Price Segmentation Vs. Product Segmentation
Segmentation in marketing means dividing up a large target audience into smaller groups for efficient marketing and promotions. Product segmentation is a common approach in which you divide customers into groups based on potential use and interest in your products. Price segmentation is an alternative technique in which you segment customers based on price to optimize revenue and profits.
Price segmentation includes a variety of techniques aimed at getting the most profit possible form each customer. In hospitality, for instance, hotels, airlines and transportation companies charge premium prices during holidays or peak travel seasons because customers are willing to pay more. Similarly, airlines get more money from customers who pay more for first class seating. If effectively implemented, price segmentation optimizes revenue and profits. Advanced software systems often are used to adjust prices in real time or to set ideal price points over time.

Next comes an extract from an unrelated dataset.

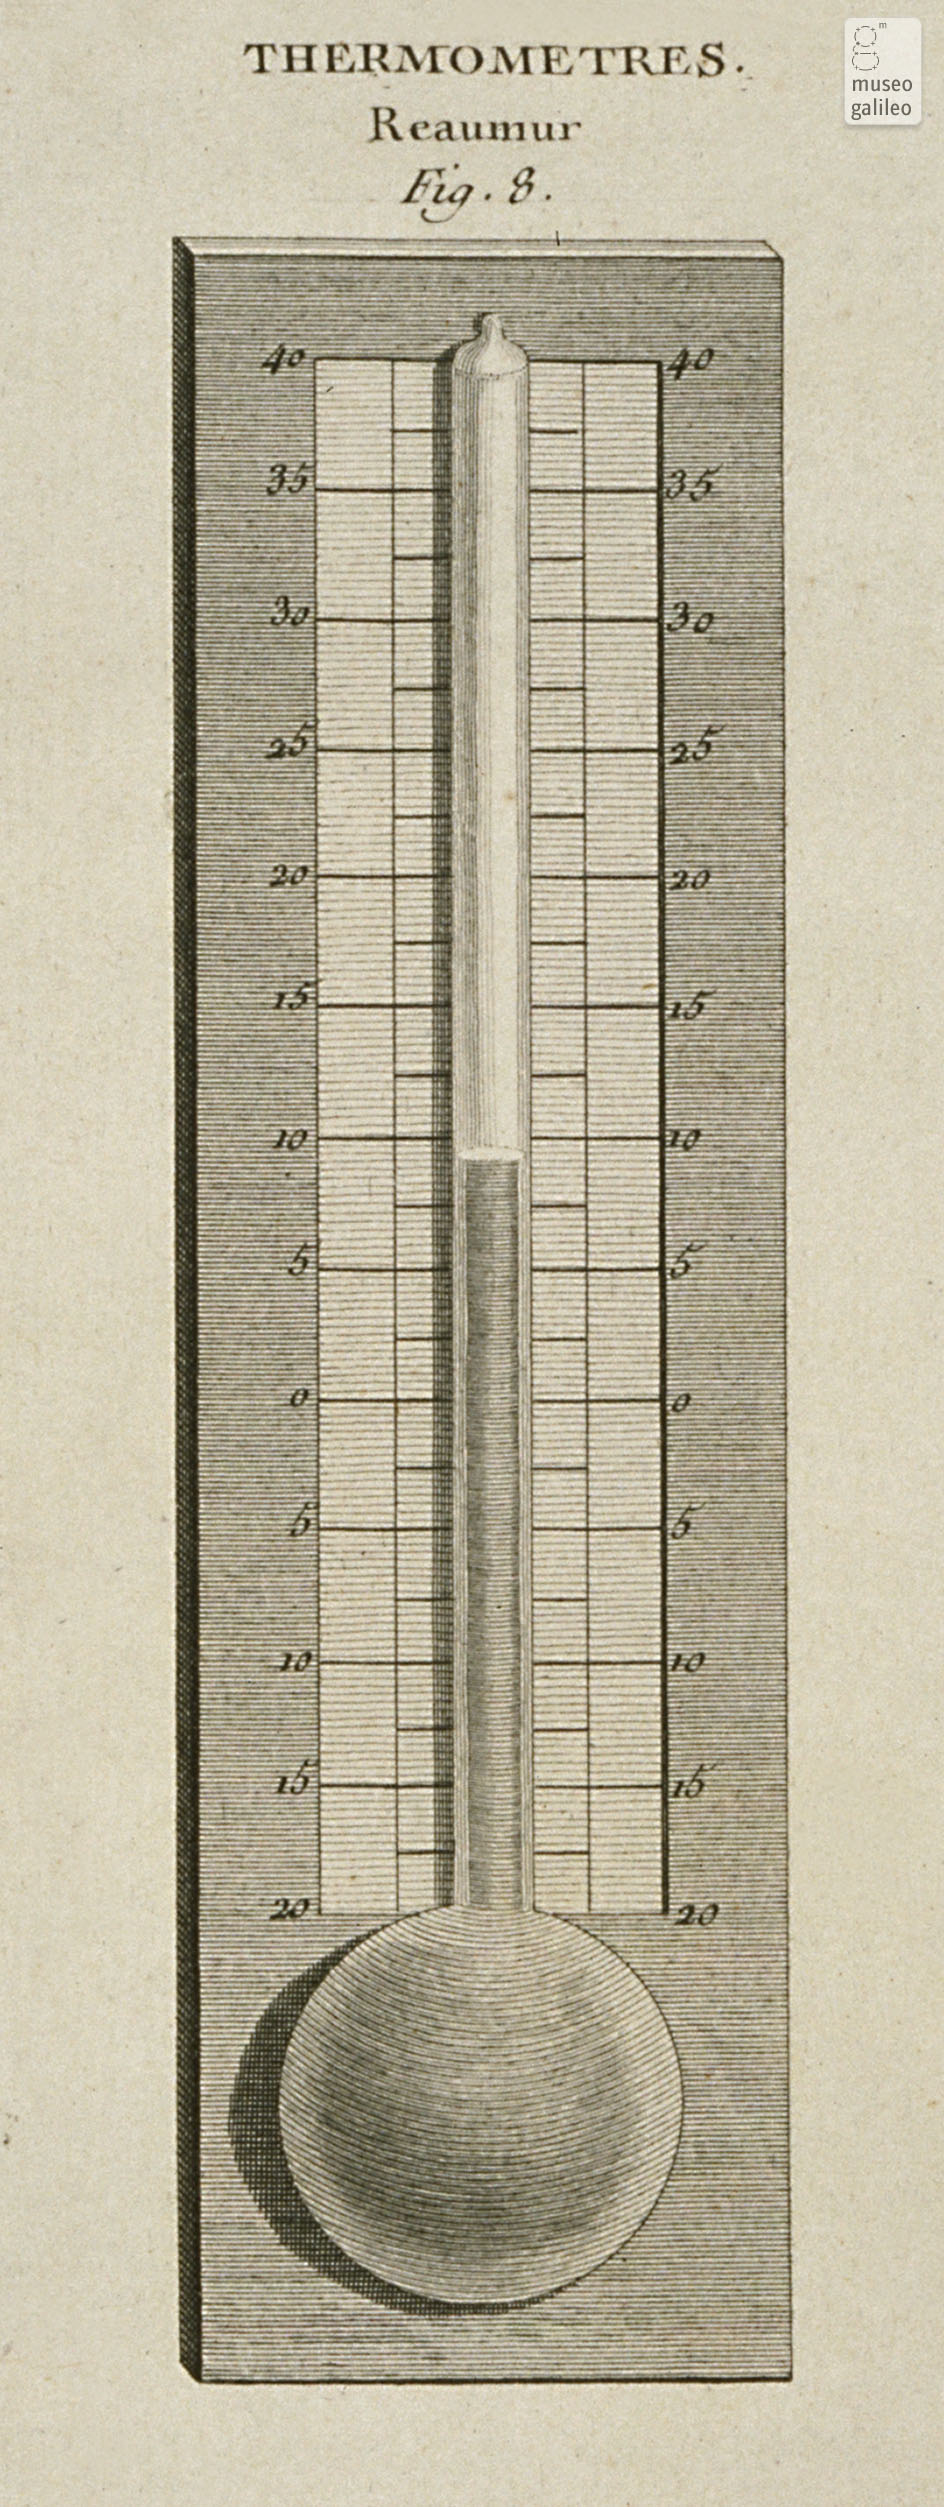 Réaumur thermometric scale

Critics of price segmentation say it is nothing more than price discrimination -- companies taking advantage of customers in a position of great need who will pay to get that need met. You run the risk of alienating customers at either end of the spectrum. Premium customers may get upset if they are aware others are getting the same or similar products or services at lower prices. A customer paying a lower price may be offended if he sees others getting a better experience, even if they paid more money.

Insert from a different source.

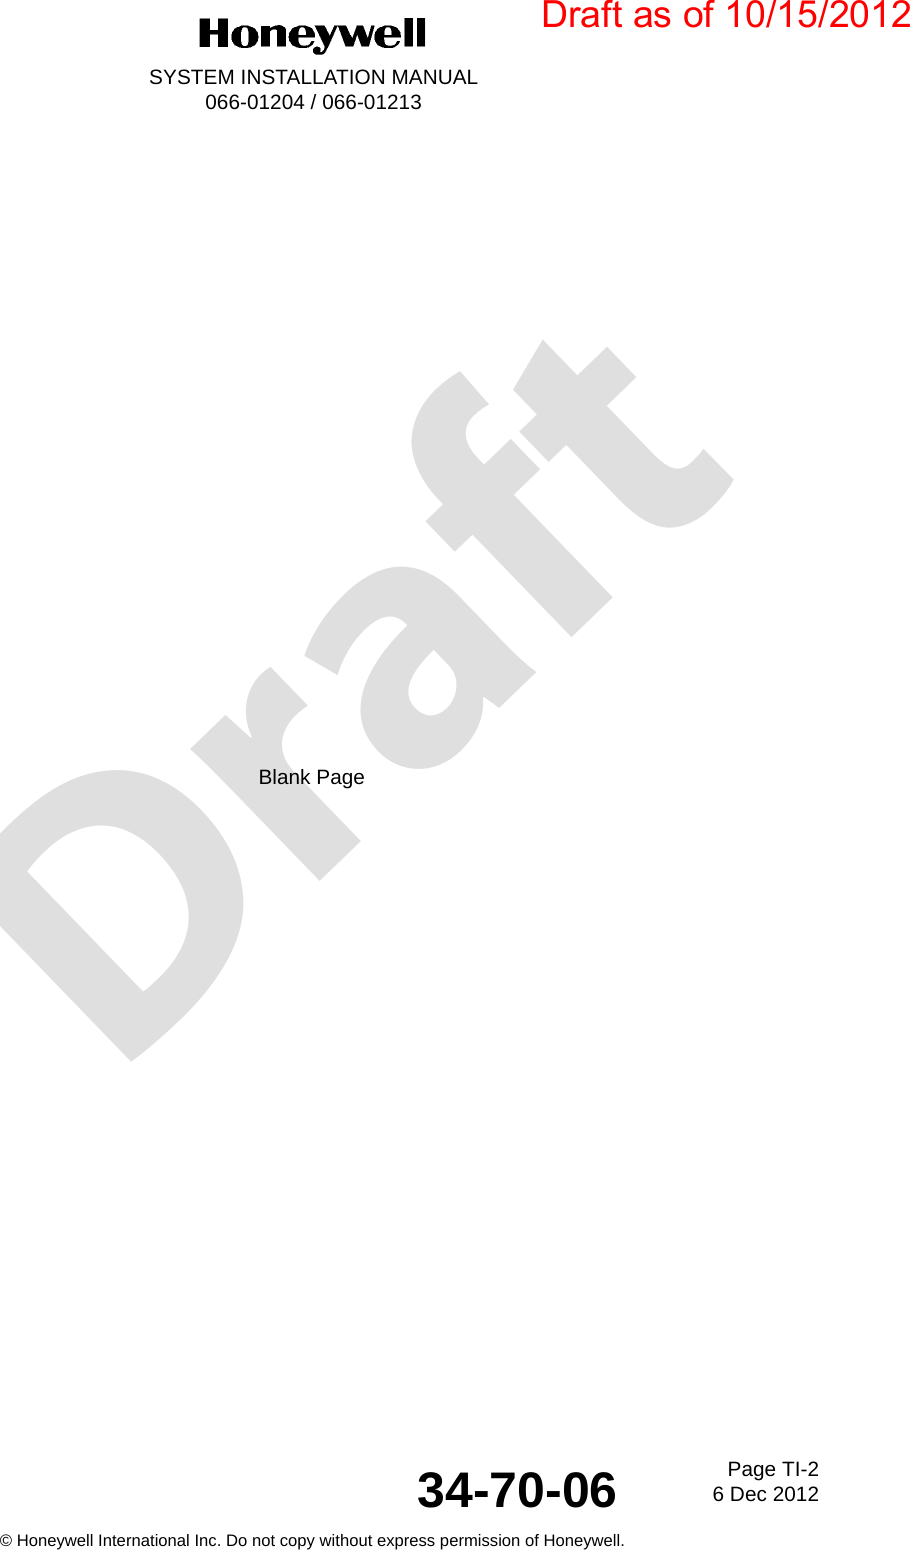 DraftPage TI-26 Dec 201234-70-06SYSTEM INSTALLATION MANUAL066-01204 / 066-01213© Honeywell International Inc. Do not copy without express permission of Honeywell.Blank PageDraft as of 10/15/2012

Product segmentation strategies target customer groups based on different needs or interests rather than price. For instance, cellphone retail outlets target customers looking for advanced media capabilities differently than they do customers who want basic phone and texting packages. This segmentation approach allows a company to reach a larger total market by offering different product or service benefits to customers who want different things. You also can generate higher profit margins by customizing solutions that best suit each customer.

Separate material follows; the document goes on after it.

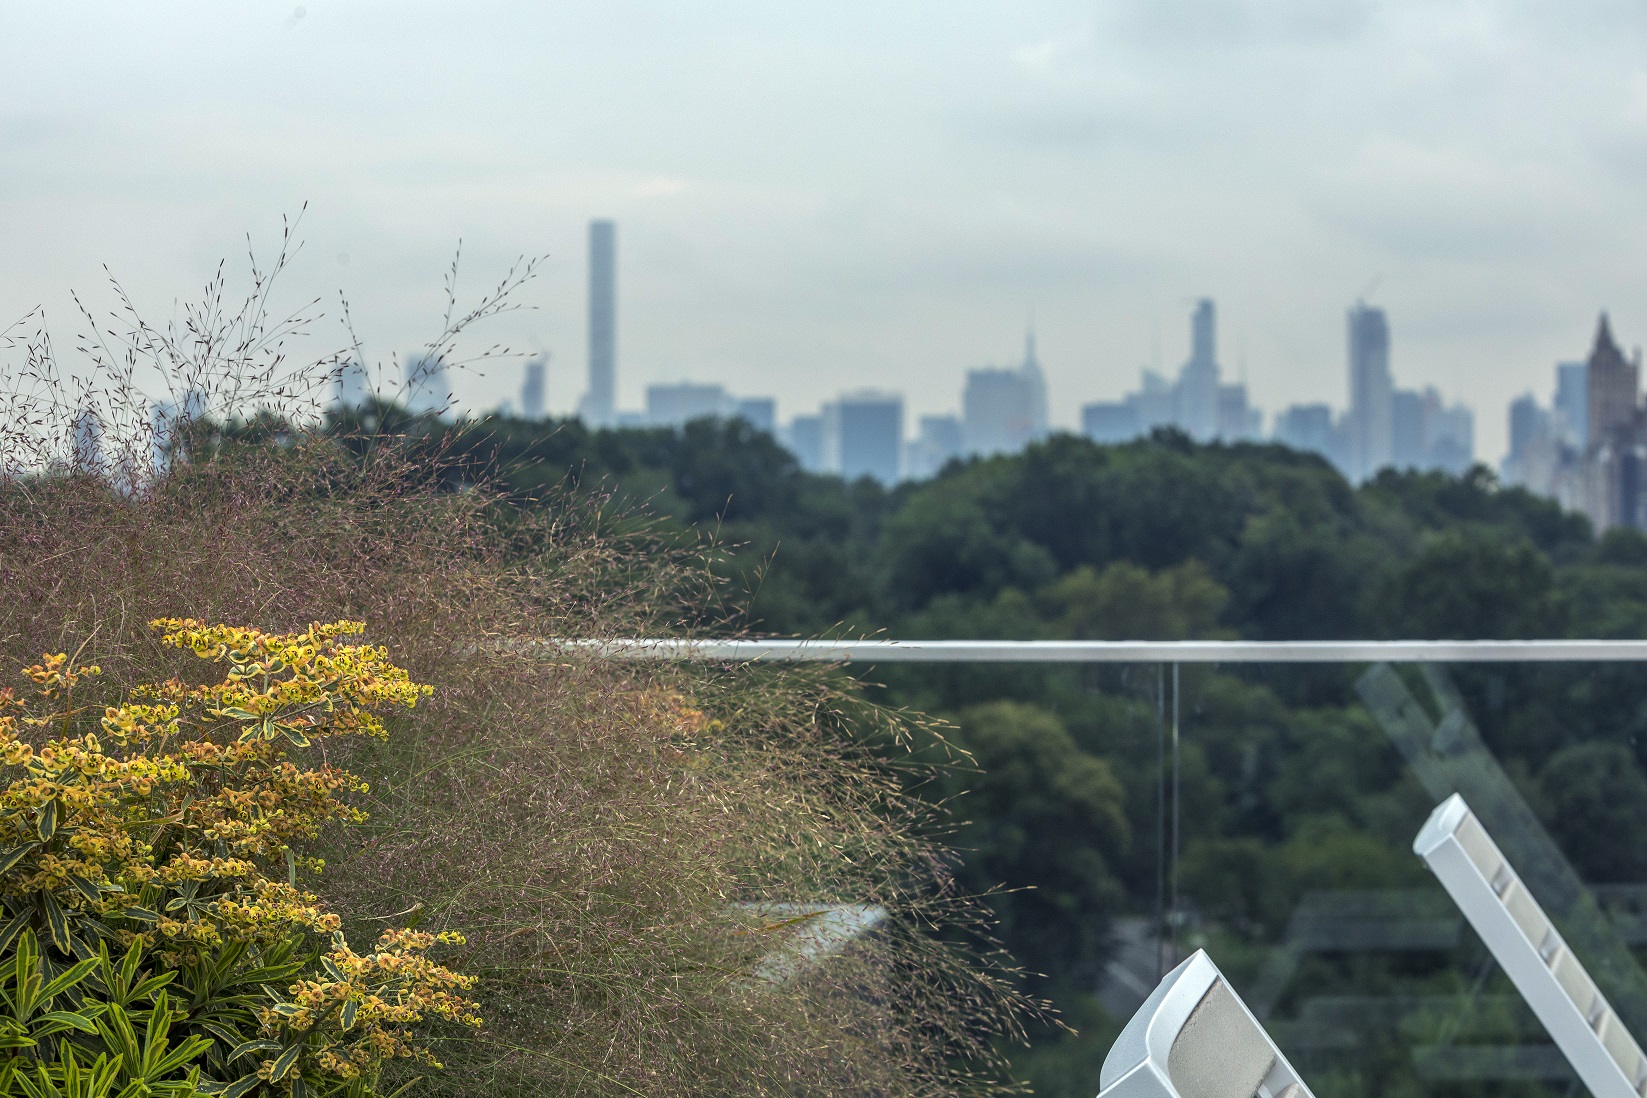 Breathtaking Central Park views are complemented by expertly installed landscape elements, creating a beautiful amenity for the

The costs to promote variations of a product can be expensive because you must target each market segment individually. You actually may invest more than is necessary by trying to be too precise. If you make two separate product offerings for two markets that both could be satisfied with one, your segmentation isn't cost-effective. Multiple product offerings and variable promotional messages also go against efforts to build a consistent and recognizable brand image for your products.